Stuck on an issue?

Lightrun Answers was designed to reduce the constant googling that comes with debugging 3rd party libraries. It collects links to all the places you might be looking at while hunting down a tough bug.

And, if you’re still stuck at the end, we’re happy to hop on a call to see how we can help out.

[SUPPORT] HUDI MOR/COW tuning with spark structured streaming

See original GitHub issue

Hello,

Quick explanation of the situation, i’ve multiples kafka topics (one for each table) containing CDC events sent by debezium. I need to read in streaming thoses changes, and update corresponding table in HIVE (1.2).

Tables could be huge (200M+ events) but CDC are not very huge, lets says maximum few thousands per day per table. so the first sync could be painful, but once its done, CDC could be pretty ‘‘light’’.
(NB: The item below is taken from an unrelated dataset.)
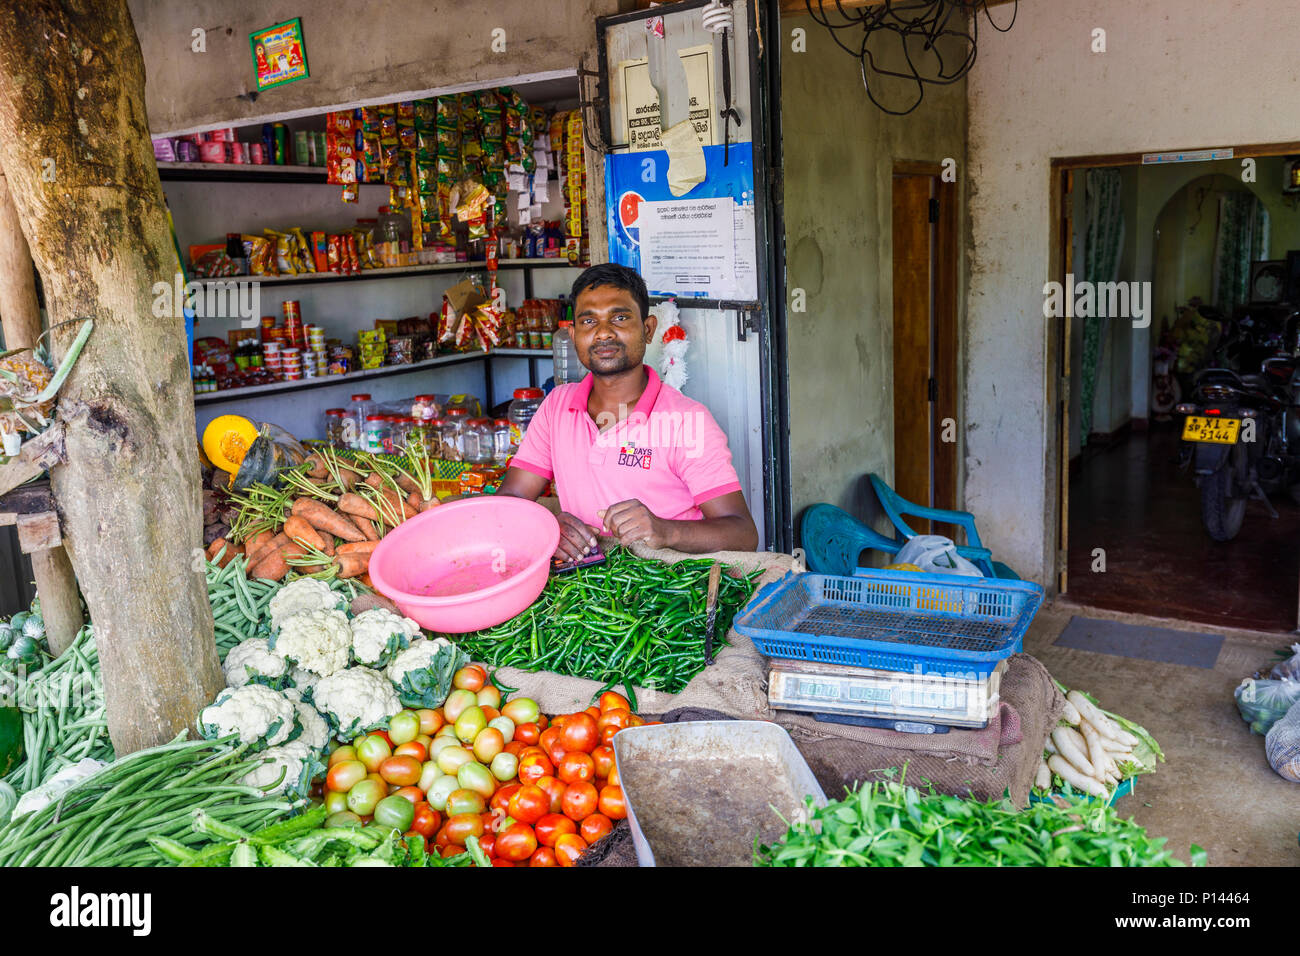 Stallholder in a rural roadside vegetable and grocery stall selling fresh local produce, Horagampita district, near Galle, Sri Lanka Stock Photo

I first tried DeltaStream but i need to do specific operation, such as filtering data, converting date so i’d rather do it in custom spark code to get more flexibility.

I decided to use structured streaming to connect to all my topics (two choice here: one stream connected to severeals topics, or on stream per topic)
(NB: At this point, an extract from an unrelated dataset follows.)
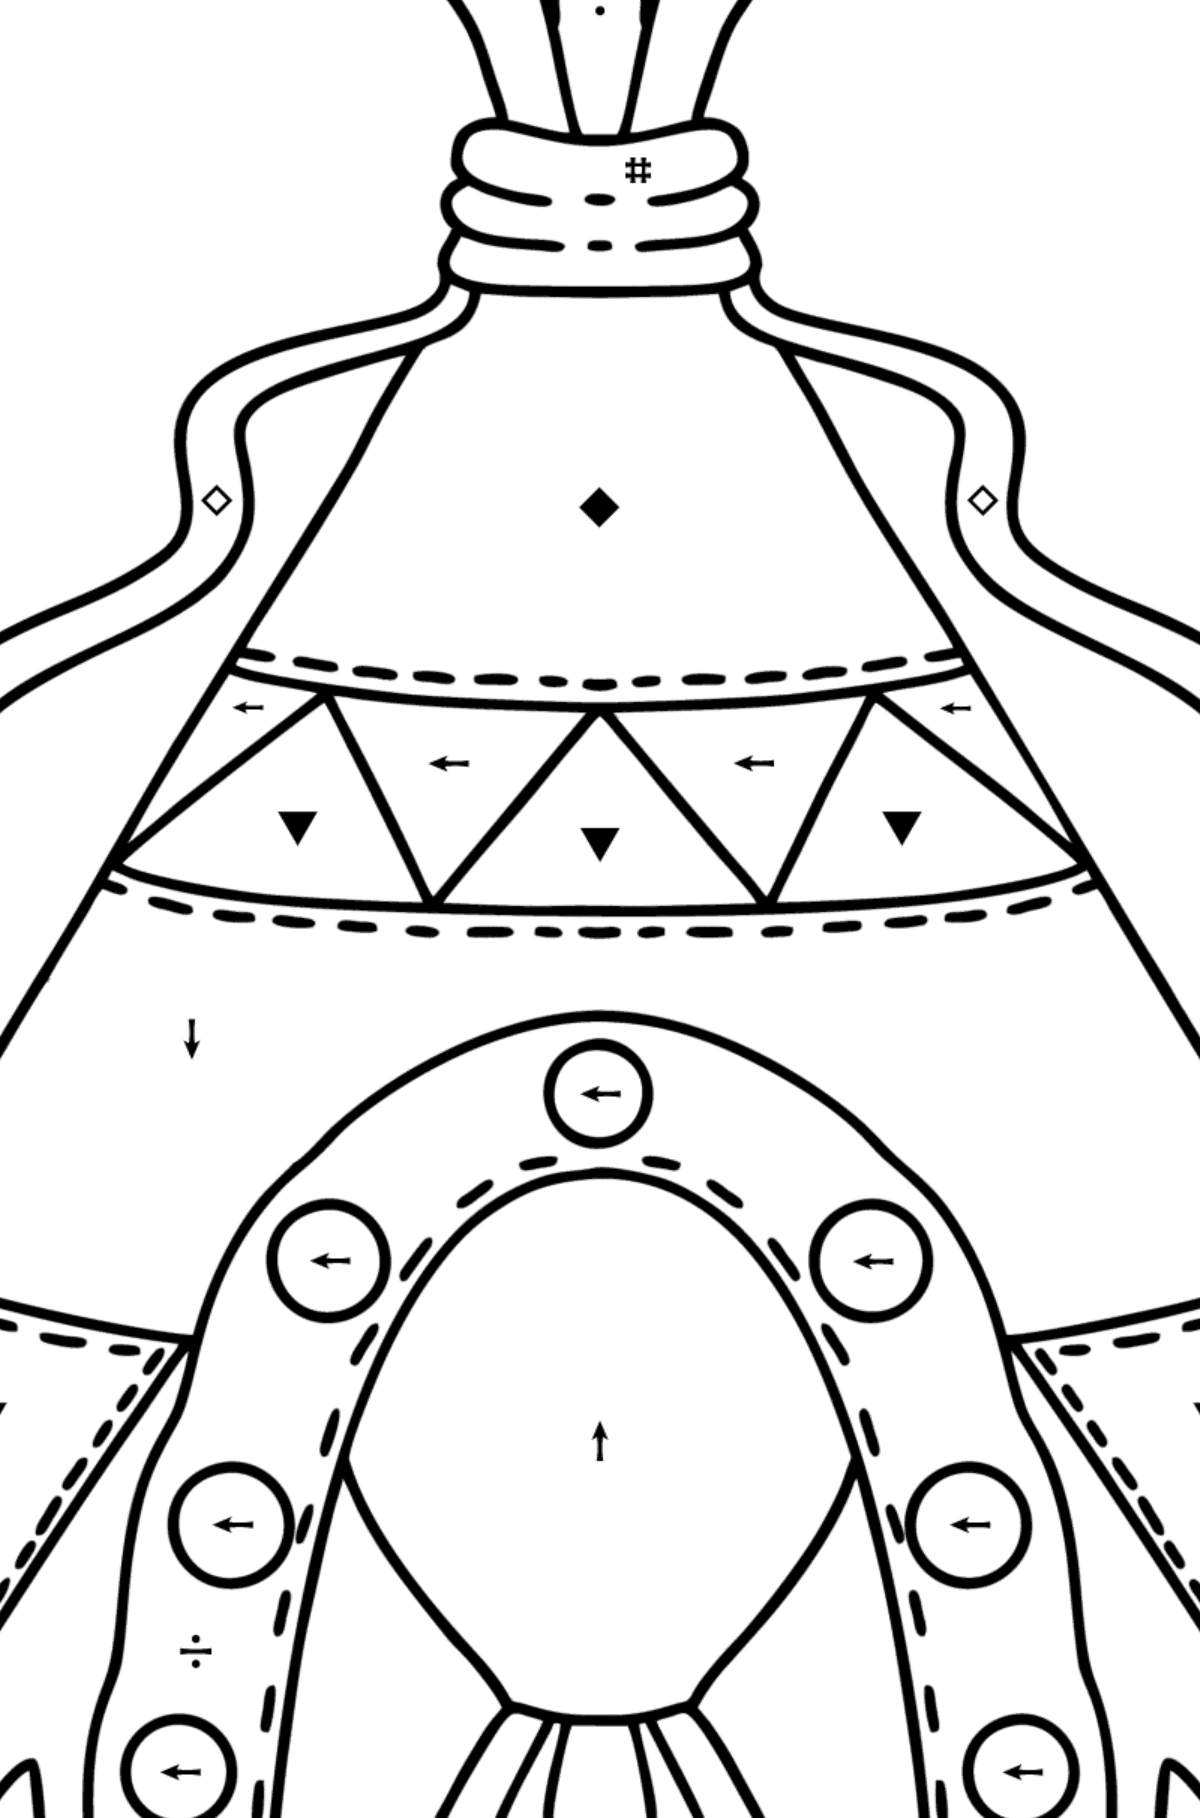 Tepee coloring page - Coloring by Symbols for Kids

1 -> this solution need a groupby topic to be able to save data in corresponding table (not simple)

spark.readStream.format("kafka").options(xxxxx).option("subscribe","all-topics")

2 -> This solution is easier to manage but its create lots of stream (more vcpu)

for (table <- tables ) {
spark.readStream.format("kafka").options(xxxxx).option("subscribe",table)
}

After this, i use writeStream in hudi format every 2min to write received data to corresponding table :

writeStream
        .trigger(Trigger.ProcessingTime("120 seconds"))
        .foreachBatch((df,id) => {
                   df.write.format("org.apache.hudi")
                    .options(HudiUtils.getHudiOptions(table))
                    .options(HudiUtils.getHiveSyncOptions(table.name))
                    .options(HudiUtils.getCompactionOptions)
                    .mode(SaveMode.Append)
                    .save(config.pathConf.outputPath + "/out/" + table.name )
        })
        .option("checkpointLocation",config.pathConf.outputPath + "/checkpoint/" + table.name)
        .start()

Here are my configuration :

For HUDI :

Map(
      TABLE_TYPE_OPT_KEY -> "COPY_ON_WRITE",
      PRECOMBINE_FIELD_OPT_KEY -> "ts_ms",
      RECORDKEY_FIELD_OPT_KEY -> table.pk,
      OPERATION_OPT_KEY -> "upsert",
      KEYGENERATOR_CLASS_OPT_KEY-> "org.apache.hudi.keygen.NonpartitionedKeyGenerator",
      TABLE_NAME_OPT_KEY -> ("hudi_" + table.name),
      "hoodie.table.name" -> ("hudi_" + table.name),
      "hoodie.upsert.shuffle.parallelism" -> "2",

For Compaction :

    Map(
      "hoodie.compact.inline" -> "true",
      "hoodie.compact.inline.max.delta.commits" -> "1",
      "hoodie.cleaner.commits.retained" -> "1",
      "hoodie.cleaner.fileversions.retained" -> "1",
      "hoodie.clean.async" -> "false",
      "hoodie.clean.automatic" ->"true",
      "hoodie.parquet.compression.codec" -> "snappy"
    )

For Spark :

    .config("spark.executor.cores", "3")
      .config("spark.executor.instances","5")
      .config("spark.executor.memory", "2g")
      .config("spark.rdd.compress","true")
      .config("spark.shuffle.service.enabled","true")
      .config("spark.sql.hive.convertMetastoreParquet","false")
      .config("spark.kryoserializer.buffer.max","512m")
      .config("spark.driver.memoryOverhead","1024")
      .config("spark.executor.memoryOverhead","3072")
      .config("spark.max.executor.failures","100")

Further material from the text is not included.